The Wizards aren't the sort of team that can afford to have their shooting guard on the bench in a suit and their best player gamely trying to play through seven different sprains and bruises. Marcin Gortat and Nene Hilario work well together, but neither provides much more than abject solidness. Otto Porter, Garrett Temple, and Ramon Sessions are a troika of meh. Rasual Butler performed a convincing Ray Allen impression for two months and has since reverted back to impersonating a warm body. Martell Webster has been useless and Kevin Seraphin's greatest skill continues to be tallness. Perhaps the scorching victories over a cupcake-laden early-season schedule and the subsequent hypestorm warped popular perception of what is, upon sober examination, a depth-deficient roster that needs to remain fully intact to have any prayer of making it out of the Eastern Conference.

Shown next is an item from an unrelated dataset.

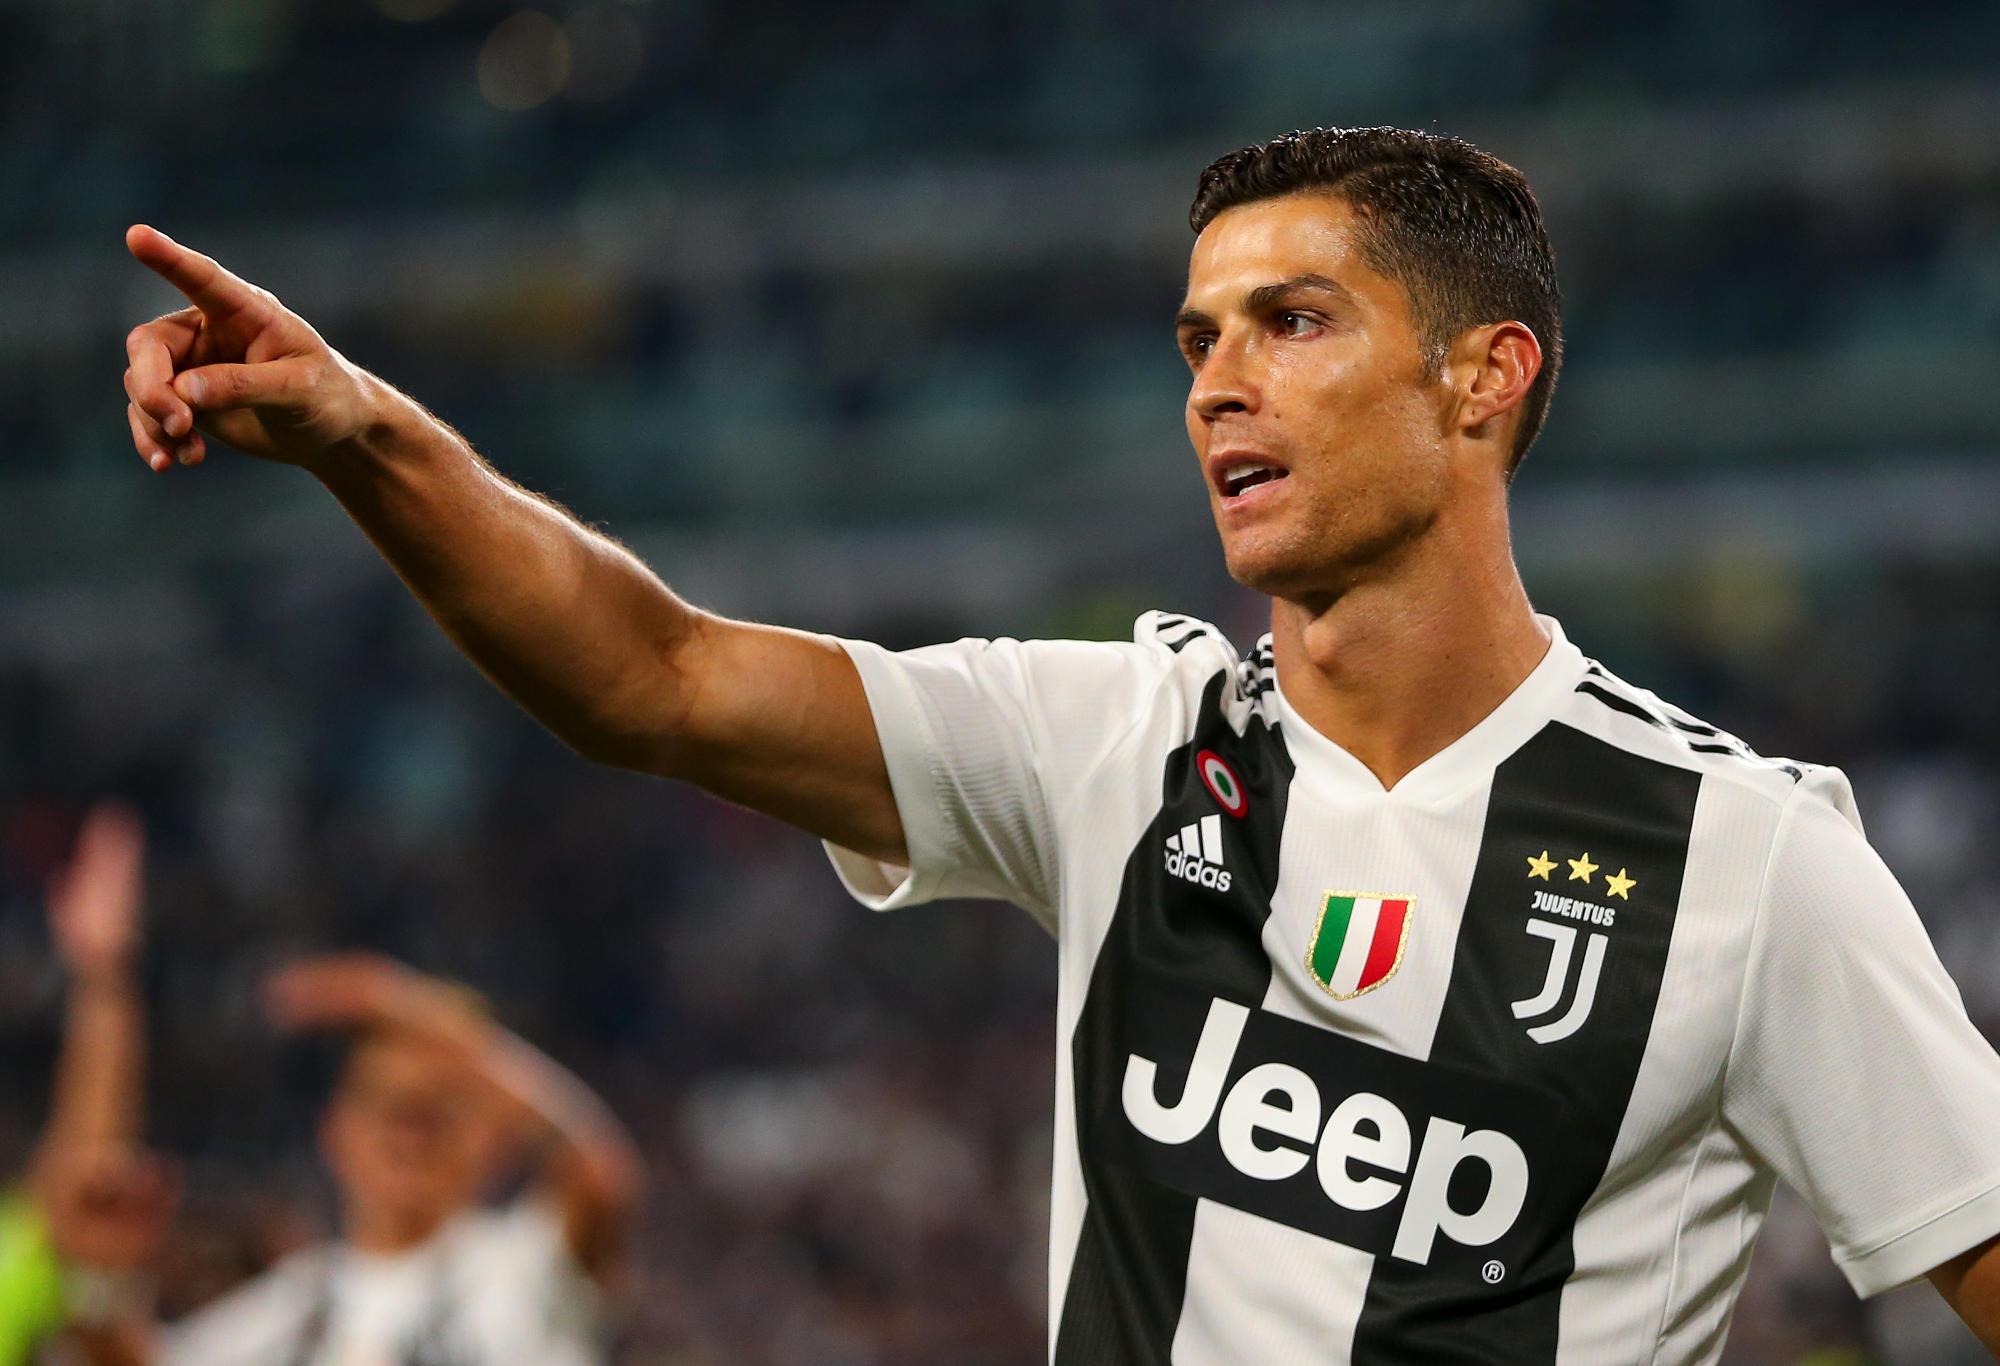 Cristiano Ronaldo z Juventusu podczas meczu Serie A pomiędzy Juventusem a Bologna FC na Allianz Stadium.

There are plenty of middling-to-goodish teams that fit that description, and all is not lost in Washington. The Wizards are a good team, albeit one whose issues demand a John Wall who is not just humming along healthily but one producing a sound like a space shuttle launch having angry sex with an air raid siren. Perhaps this season's inevitable-seeming sour ending will rid the franchise of Wittman, and we'll see what this squad can do under the stewardship of someone willing and able to draw up a play every once in a while.

Until then, there's nothing for the Wiz to do but ride out this spell of putridity. Those since-dashed dreams of title contention might have been less foolish than ill-timed. Teams can emerge from disasters like this as stronger, smarter units. They usually get a new coach in the deal, too, which will help.